В те годы твердыни классической традиции, где окопались благонамеренные охранители-рутинеры, напористо штурмовали романтики, бывшие, впрочем, столь же благонамеренными во всем, что не касалось художественного творчества. Стендаль тоже именовал себя «романтиком». Но уточнял — «истинный»: помимо их консерватизма в политике, ему было чуждо их пристрастие к унылым плакальщикам о скорбях земных, к «роковым тайнам» и туманным излияниям; ему претили мистические поползновения одних и причудливая безудержная фантазия других. Ему была созвучна их раскованность, сердечный пыл, но он не выносил их ходульности. «Правда, горькая правда» — вот его лозунг. «Исследуем — в этом весь XIX век», и потому повествованию предстоит сделаться «зеркалом, с которым идешь по большой дороге. То оно отражает лазурь небосвода, то грязные лужи и ухабы». Стендаль думает о книгах, где «действие будет похоже на то, что ежедневно происходит на наших глазах», а герои — «такие же, как мы их ежедневно встречаем… ни более напыщенные, ни более натянутые, чем в натуре, а этим многое сказано». Для него писатель — трезвый «историк и политик», который ведет «философское», доходящее до самых глубин, исследование жизни и согласует свое воображение с «железными законами реального мира». Отыскивая ключи к человеческому поведению в распространенных нравах и обычаях, он не скользит по поверхностным броским приметам, а зарывается в душевную толщу и изнутри обследует побуждения, саму неповторимую манеру переживать, мыслить, поступать, присущую его согражданам. «От всего, что ему предшествовало, XIX век будет отличаться точным и проникновенным изображением человеческого сердца». По сути, все это принципы не столько романтизма, сколько вызревающего реализма XIX столетия.

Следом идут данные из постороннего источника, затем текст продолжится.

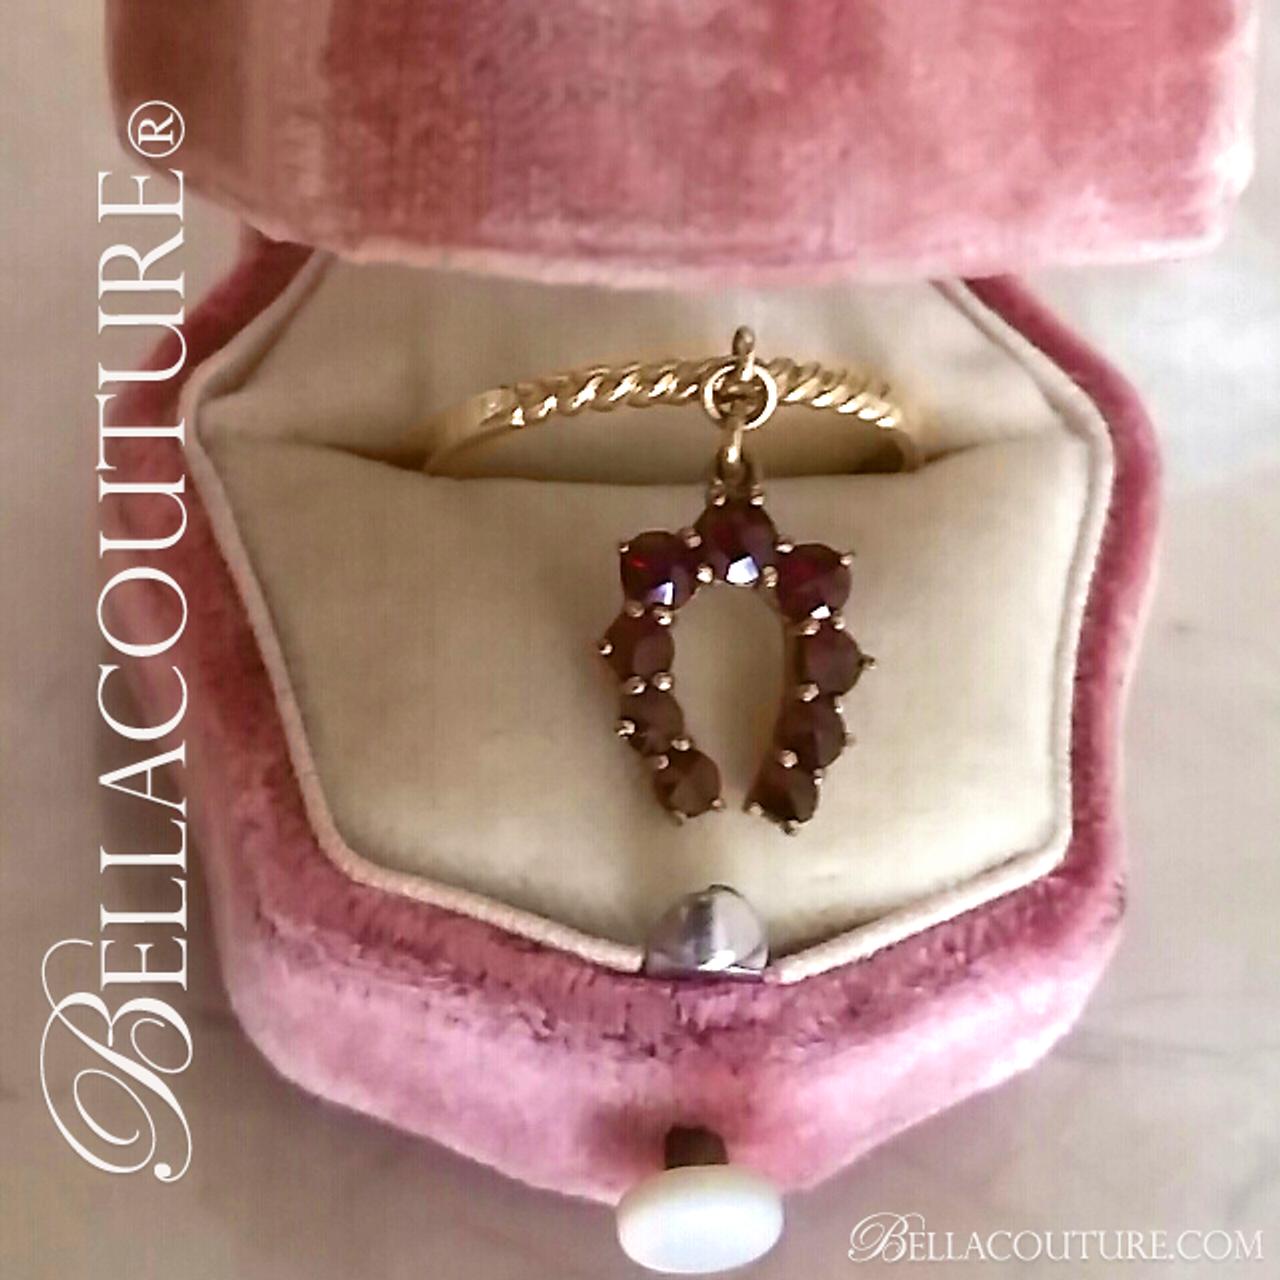 318d7f0b16b9a SOLD! - (ANTIQUE) Rare Gorgeous Victorian 14K 14CT Yellow Gold Natural Rose  Cut Garnet Gemstone Dainty Horseshoe Good Luck Dangle Drop Charm Ring c. ...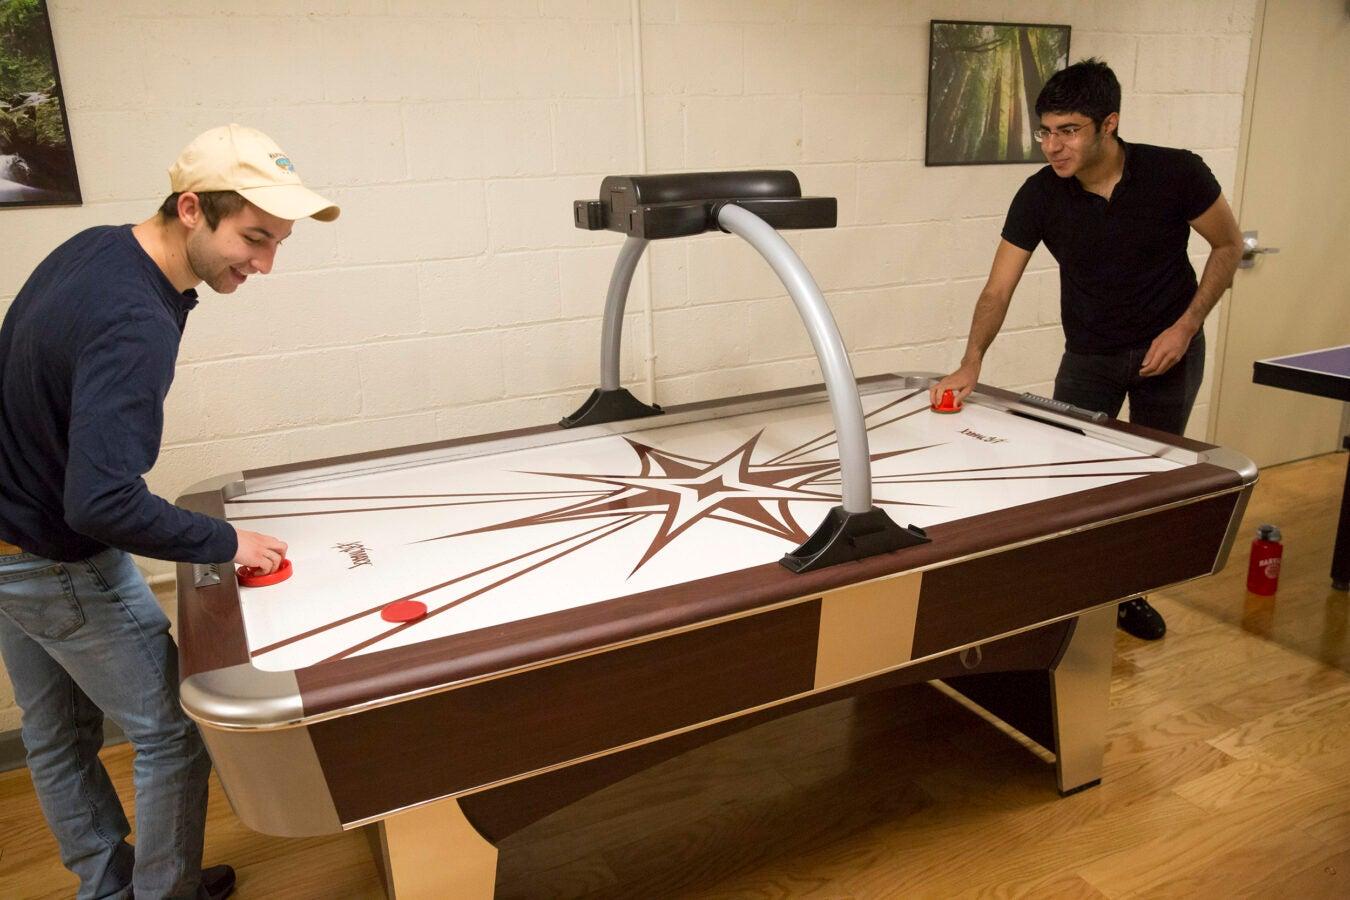 Roommates in Wigglesworth: Scott Kall '20 (MA), left, plays air hockey with Soheil Sadabadi '20 (Iran).

За этой платформой, опережающей мысль своей эпохи и прокладывающей плодотворные пути в будущее, — подвиг непрерывных и долгих исканий. К правде, которую Стендаль хотел высказать, он шел сквозь годы скитаний и напряженной работы; через усвоение истин, завещанных властителями дум иных поколений, и пересмотр всего, что достигнуто мастерами слова тогдашней Франции, Италии, Англии; сквозь разочаровывающие самостоятельные «прикидки» и обнадеживающее приобщение к бессмертным творениям живописи, музыки, театра; сквозь потрясения своего сердца и потрясения своего века. Последнее пятнадцатилетие жизни и трудов Стендаля — пора расцвета его так не просто и не скоро мужавшего дарования.